◆ Prompt
As soon as the line containing "Close up de" appears, start repeating lines exactly and continue to the end of the entries; please skip pictures.
>>
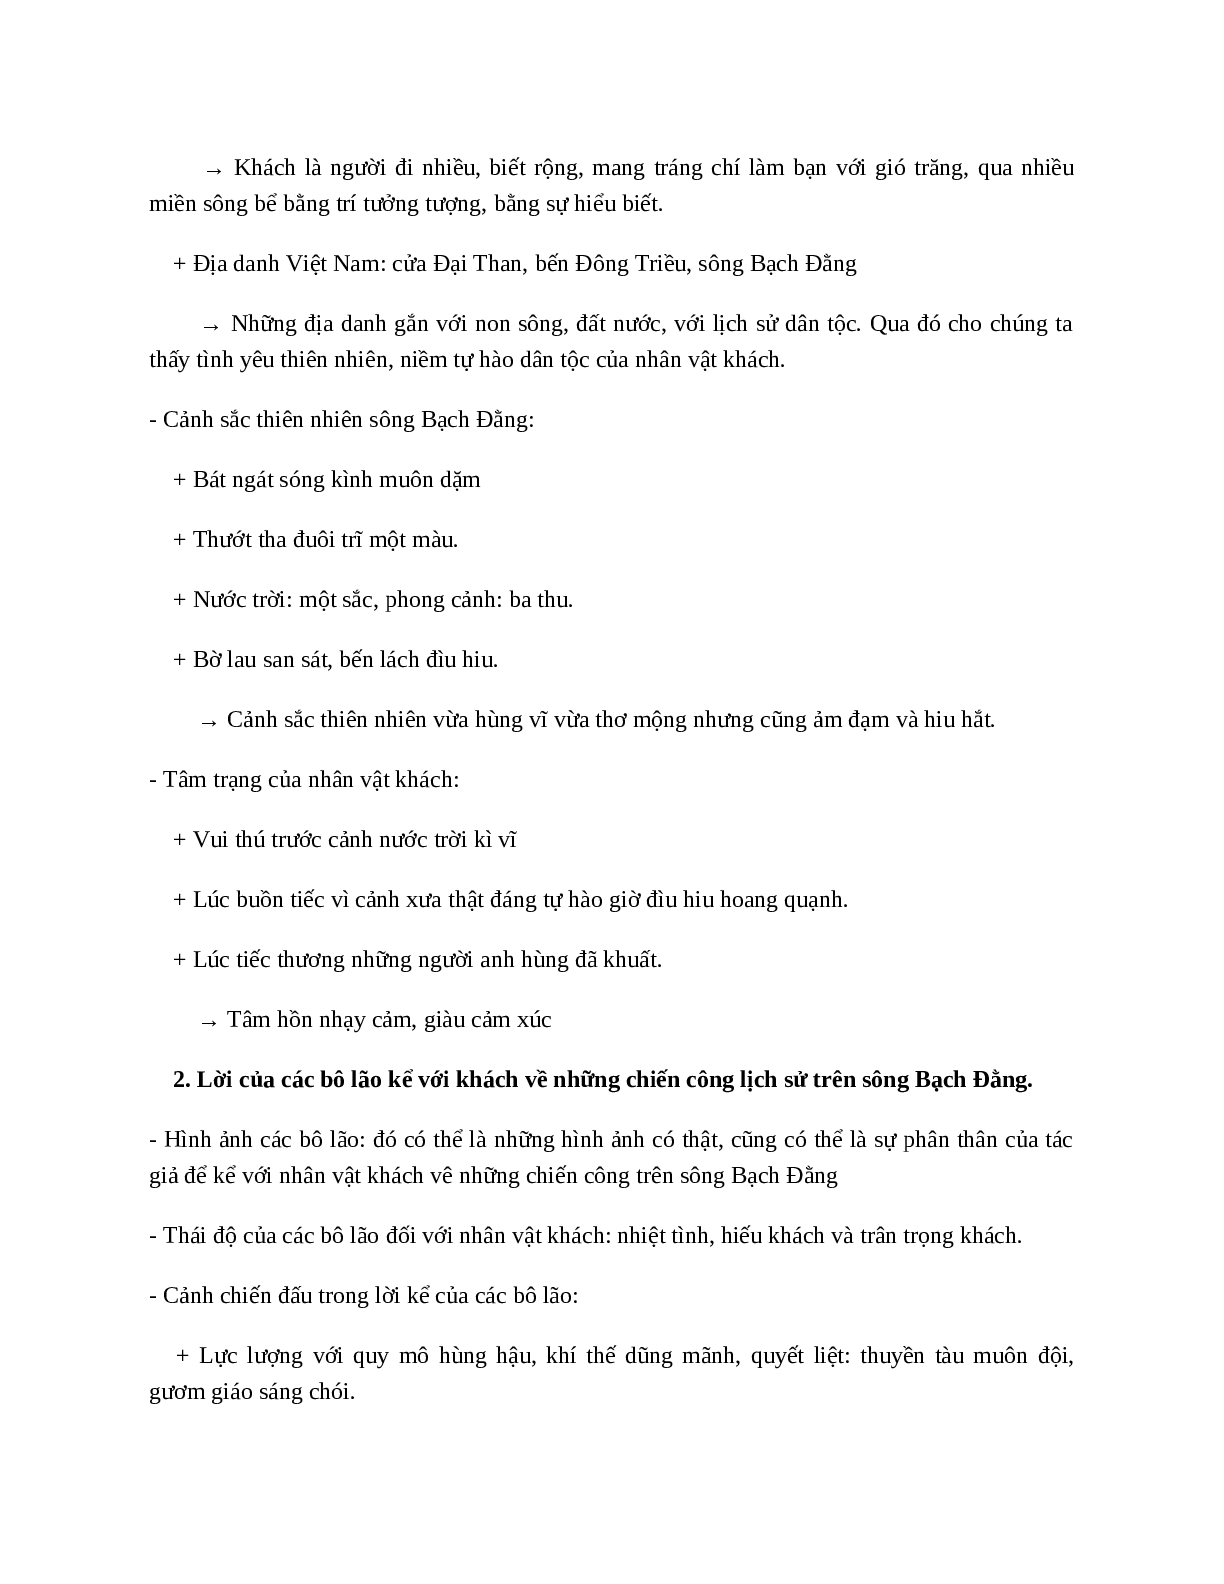 Phú sông Bạch Đằng (Trương Hán Siêu) - nội dung, dàn ý phân tích, bố cục, tóm tắt (trang 9)
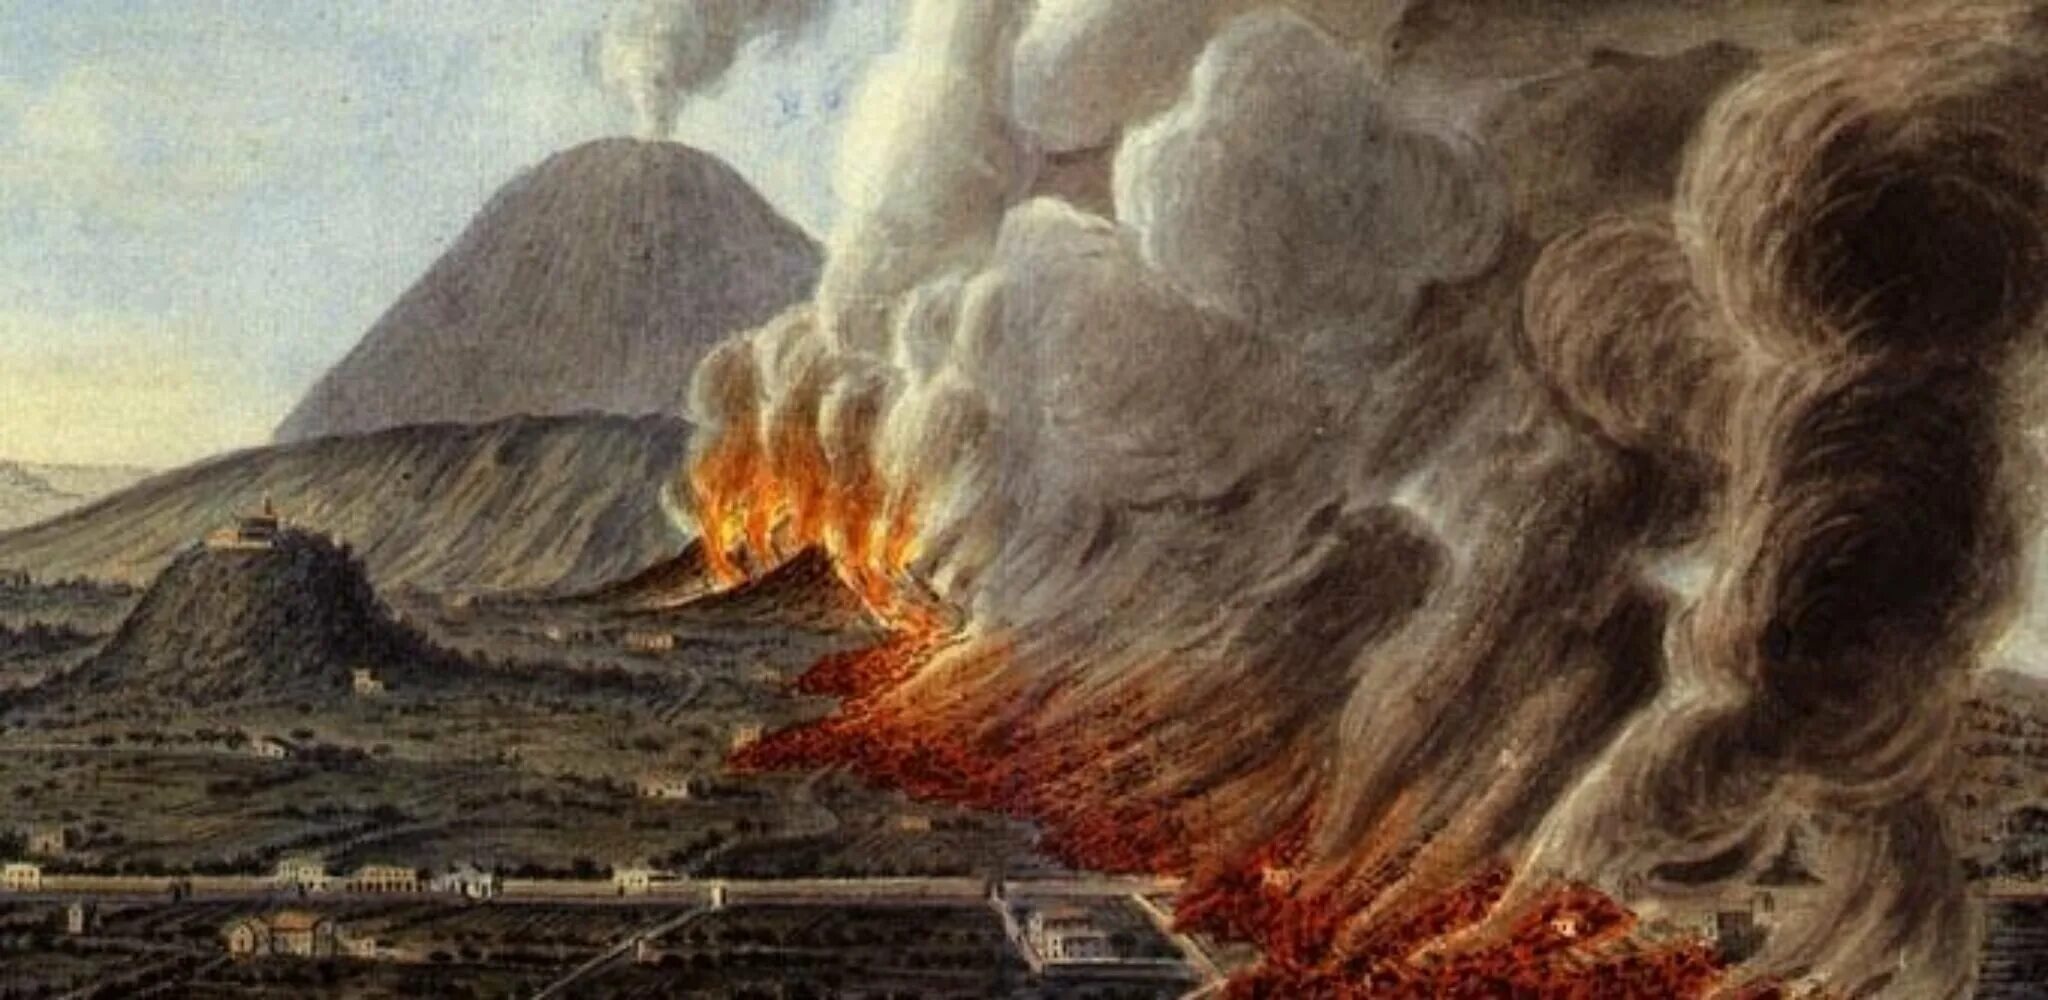 Действует ли вулкан везувий. Извержение вулкана Везувия в 79 году. Извержение Везувия Помпеи. Извержение Везувия в 79 Помпеи. Вулкан Везувий извержение Помпеи.
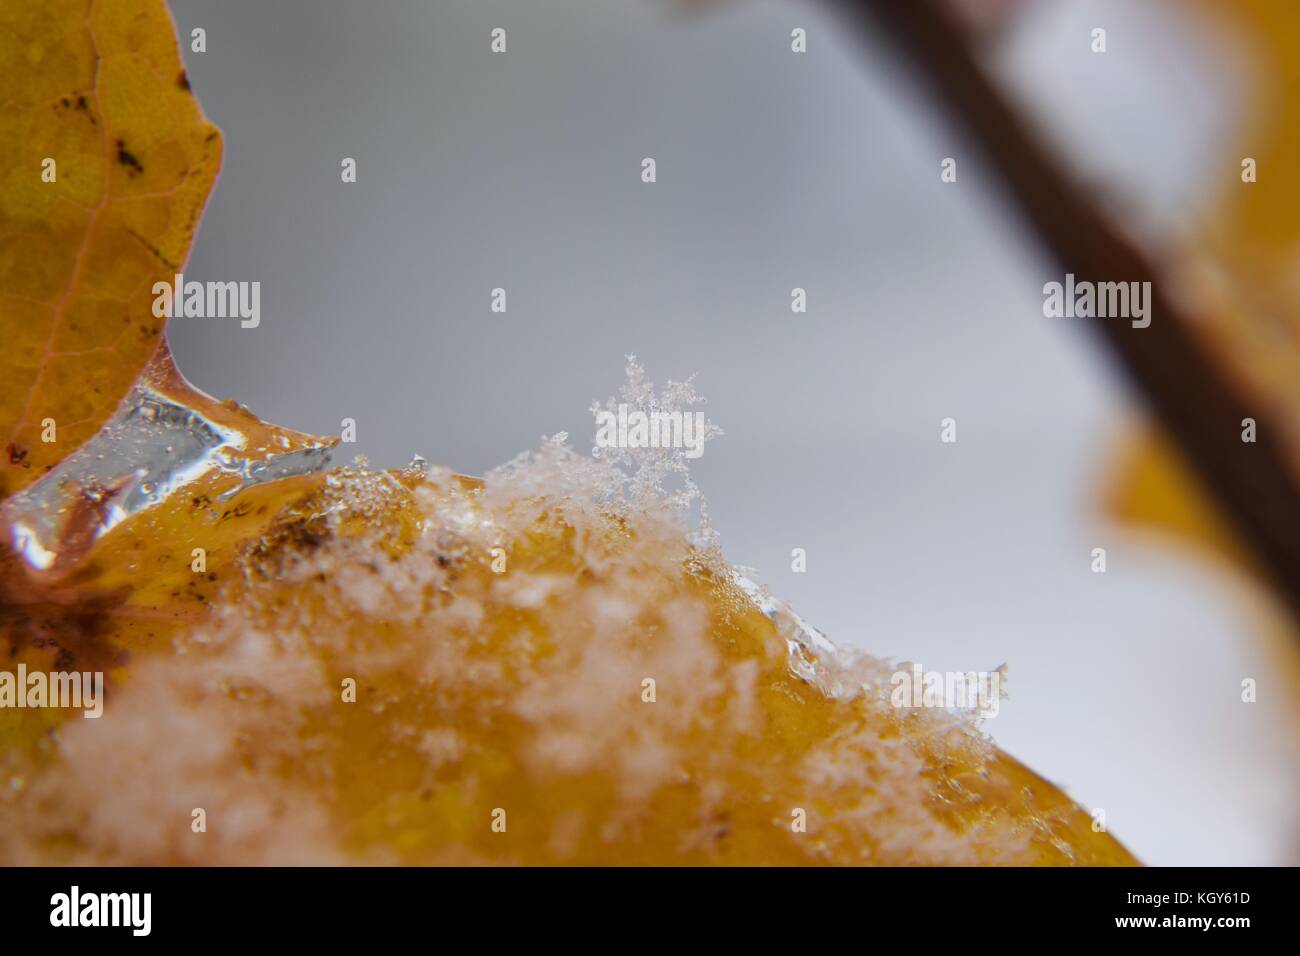 Close up de flocon de neige sur le bord de la feuille d'orange au cours de neige précoce Banque D'Images
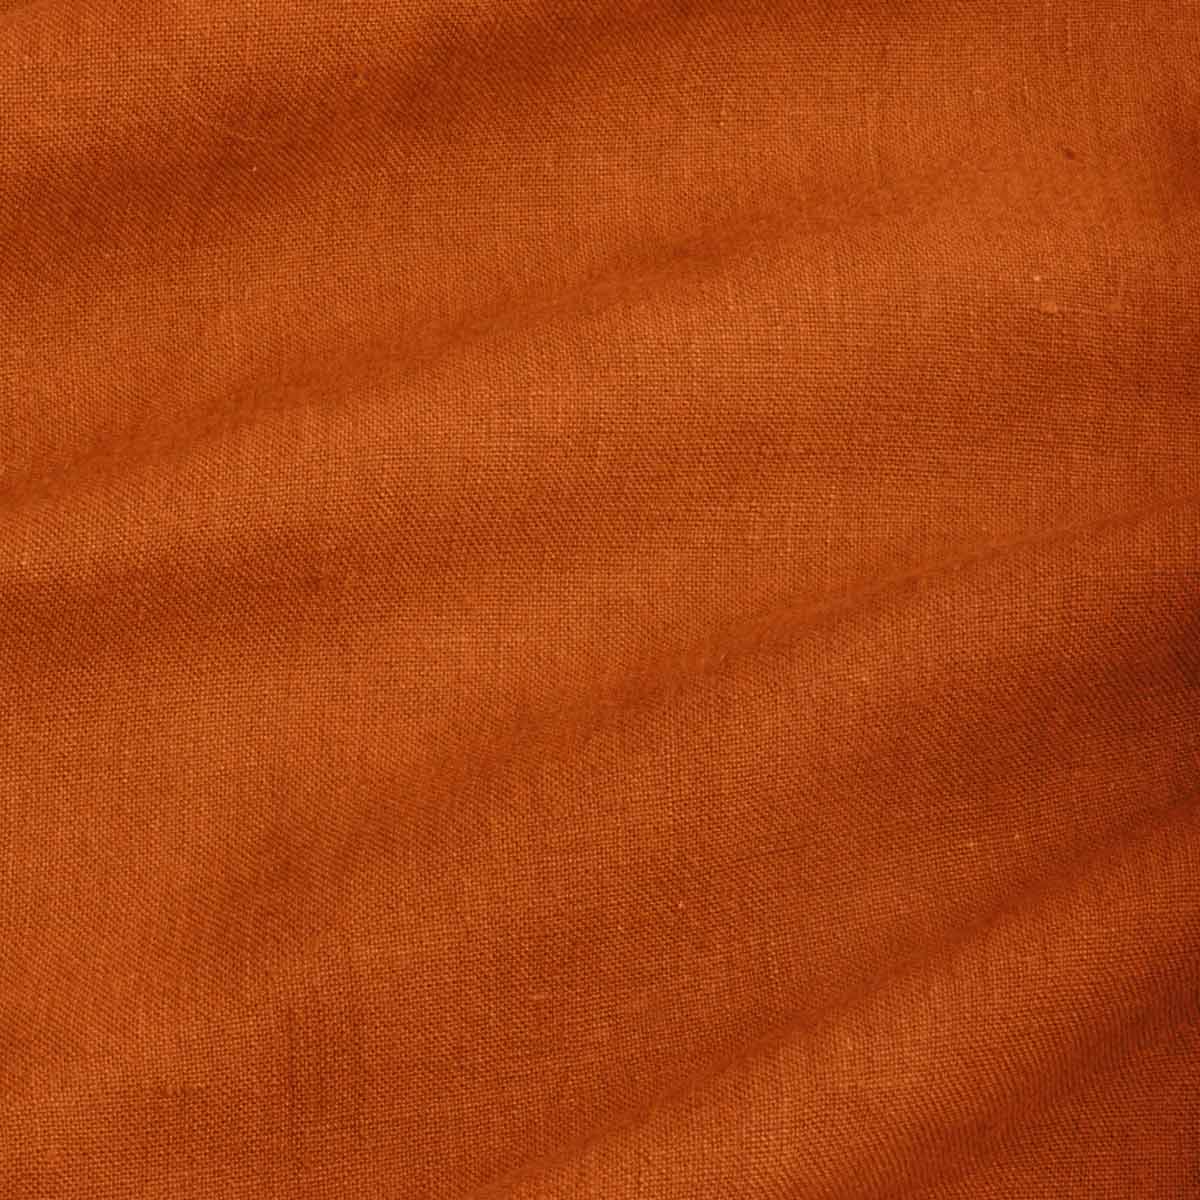 Tact Er is een trend voetstuk Honderd procent hennep stof in oranje kleur
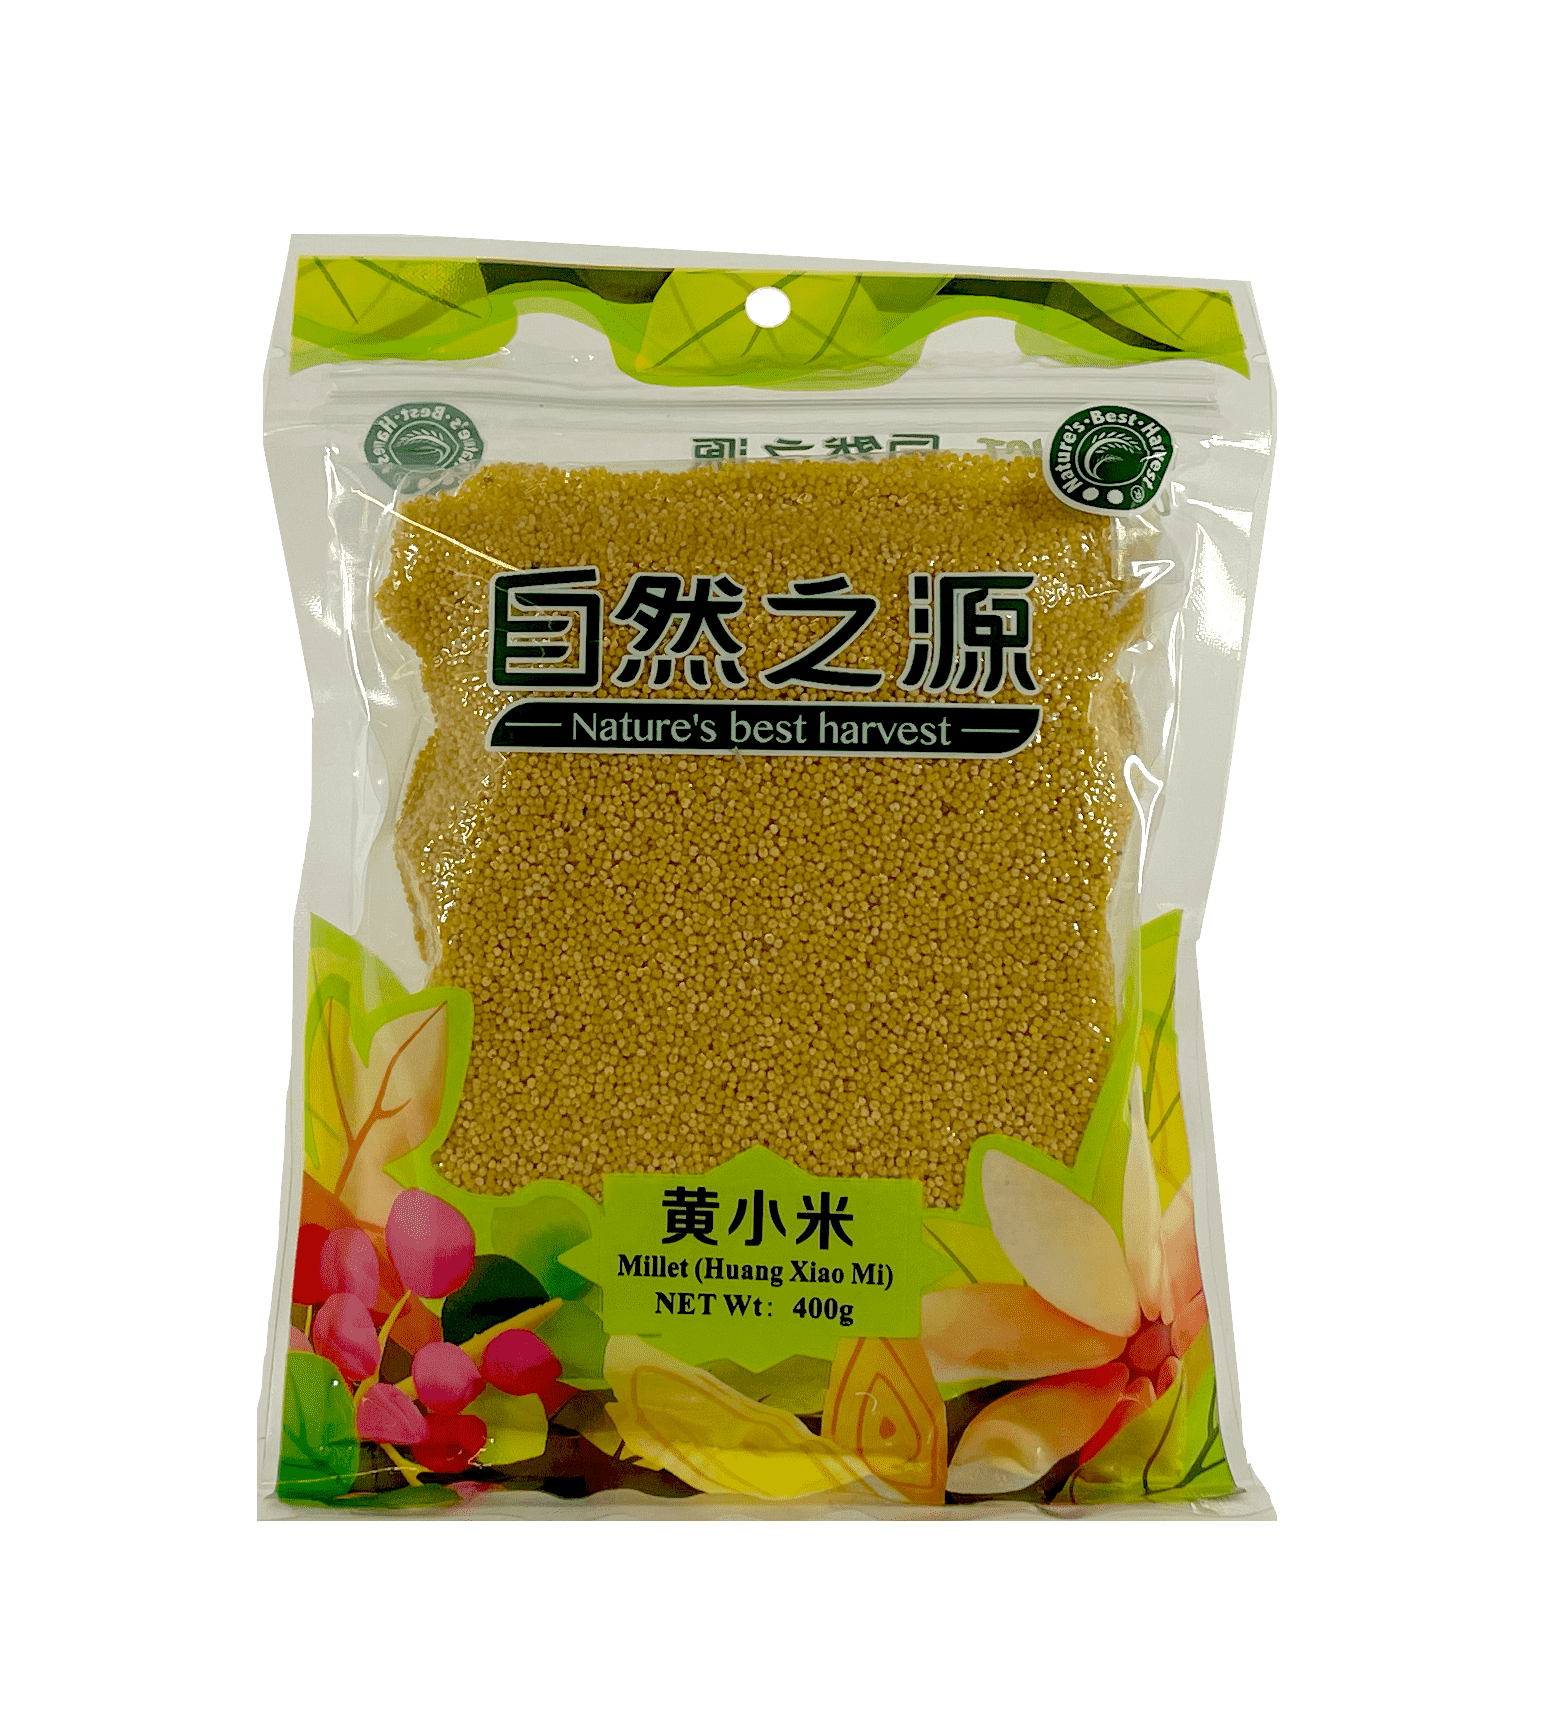 黄小米 400g 自然之源 中国
<<
◆ Task solution
 Close up de flocon de neige sur le bord de la feuille d'orange au cours de neige précoce Banque D'Images
 Tact Er is een trend voetstuk Honderd procent hennep stof in oranje kleur
 黄小米 400g 自然之源 中国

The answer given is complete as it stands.